There are many important problems that require good solultions to improve productivity under some predefined conditions, and these problems are generally called optimization. It becomes a fundamental element of modern science and it has been widely applied to every scientific field. Thus, starting from calculus in old days to linear programming in modern days, optimization has been highly impact to most science. However, when a very large-scale problem is considered, these traditional methods may not be the most efficient choices for optimization purposes. Inspired by the advances in biological technologies, one attempts to solve some complicated optimization problems from a biological point of view, and it leads to the development of natural heuristics. It mimics some natural mechanisms by simulating the composition, evolution, thinking, foraging and many other behaviors of human, nature or animals, and constructs simulation models for searching the optimized solutions.
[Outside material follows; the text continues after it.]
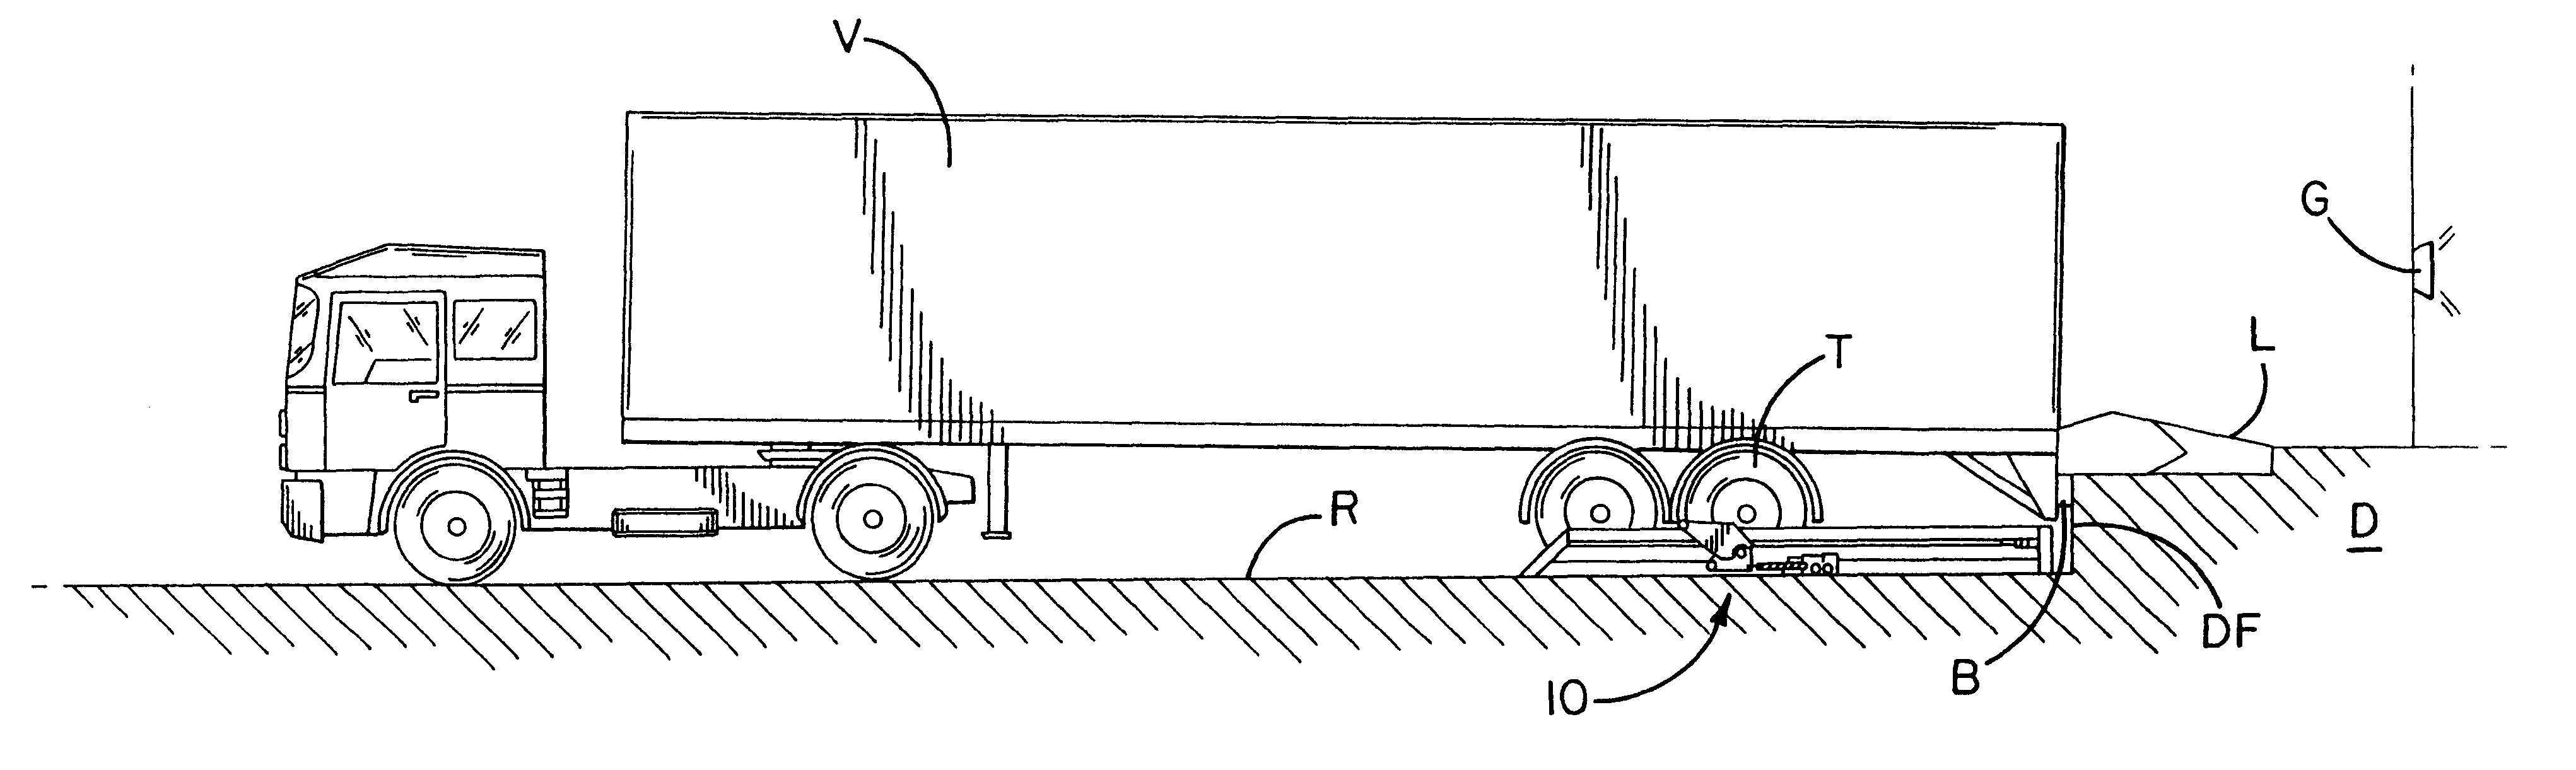 Wheel-activated vehicle restraint system

When a multiple of subjects work together, the outcome from their cumulative abilities is more than a summation of every subject's ability. The simulation model of optimization from these collective behaviors is generally called group intelligence. Common group inteligence methods in the literature include the Genetic Algorithm, Memetic Algorithm, Particle Swarm Optimization, Any Colony Algorithm, and many others. Since these methods have been commonly implemented to solve engineering problems, they are designed for searching in continuous domains. There exists some variants of them to search in discrete domains, but they may still not fit the requirements in many mathematical and statistical problems.

Main Results:

Phoa (2017) proposed a new nature-inspired metaheuristic optimization algorithm called the Swarm Intelligence Based (SIB) algorithm. It consists of the following key steps:
1. Initialization: Parameter Inputs and Particle Initialization.
2. Iteration: For each iteration,
2a. MIX Operation: each current particle is MIX with LB and GB particles.
2b. MOVE Operation: three particles are compared based on the objective function.
2c. Update particle if MIX produces better particle, or Random Jump if not.
2d. Update LB and GB particles.
3. Output: the GB particle with its optimzed objective function value.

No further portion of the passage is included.